Here, I will focus on using the Copilot panel when viewing a report in a Power BI App. That’s right, an App, not a workspace – the best place for report consumers to view their reports 😊
The options Copilot offers are very similar to those we receive in the Narrative visual. I previously said that I was impressed, and I still stand by that. Below you will see an example when I select “Give me an executive summary of this page.” Additionally, I have the option to ask Copilot to do it for the entire report.
One thing to call out, when I started to use this, I immediately appreciated the reference tags provided in the text.
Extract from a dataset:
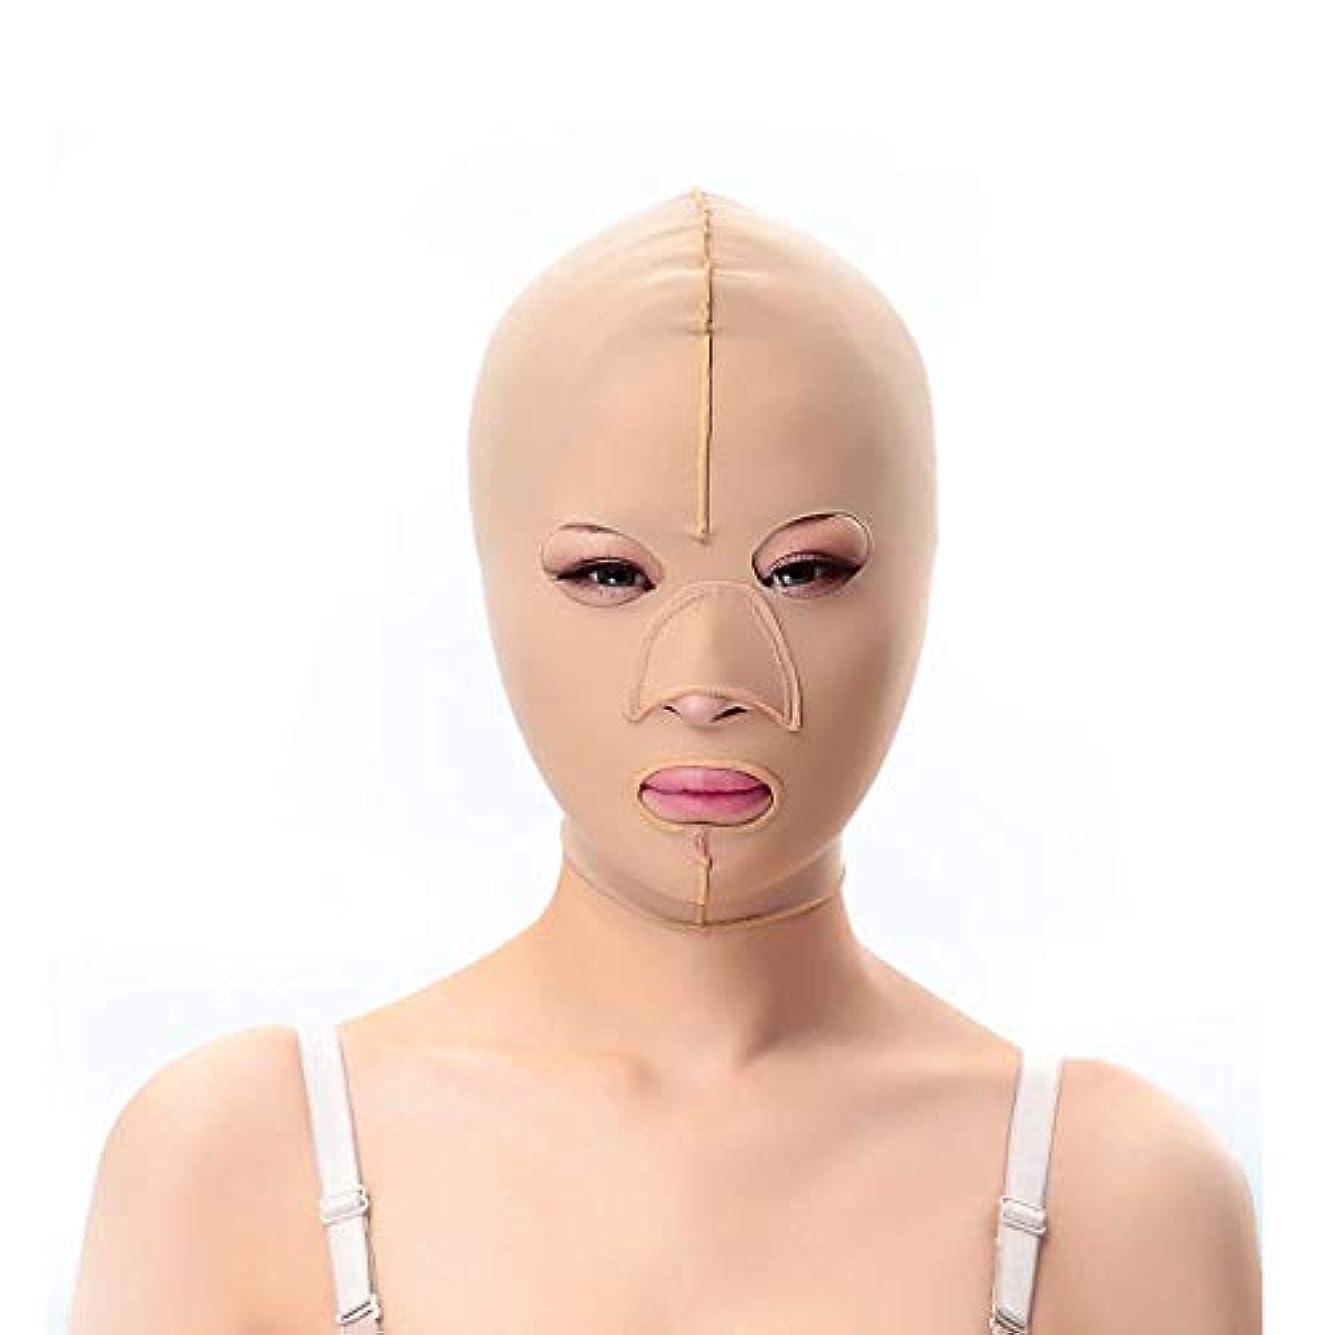 スリミングベルト、二重あごの引き締め顔のプラスチックフェイスアーティファクト強力なフェイス包帯を脇に持ち上げるパターンを欺くためのフェイシャルマスクシンフェイスマスク(サイズ:L),M

They offer report consumers clarity on the origin of the insight, enabling them to verify and explore the data further. These tags are helpful because they point to the visual from which the narrative was derived.
Summary
Power BI Copilot offers valuable functionalities for model designers, report authors, and report consumers, simplifying tasks like DAX queries and enhancing Q&A visuals. Is Copilot perfect on all fronts? Not at all. However, in my opinion, it will only improve over time.
If you have any other ways Copilot can be used by the above personas, feel free to share your insights!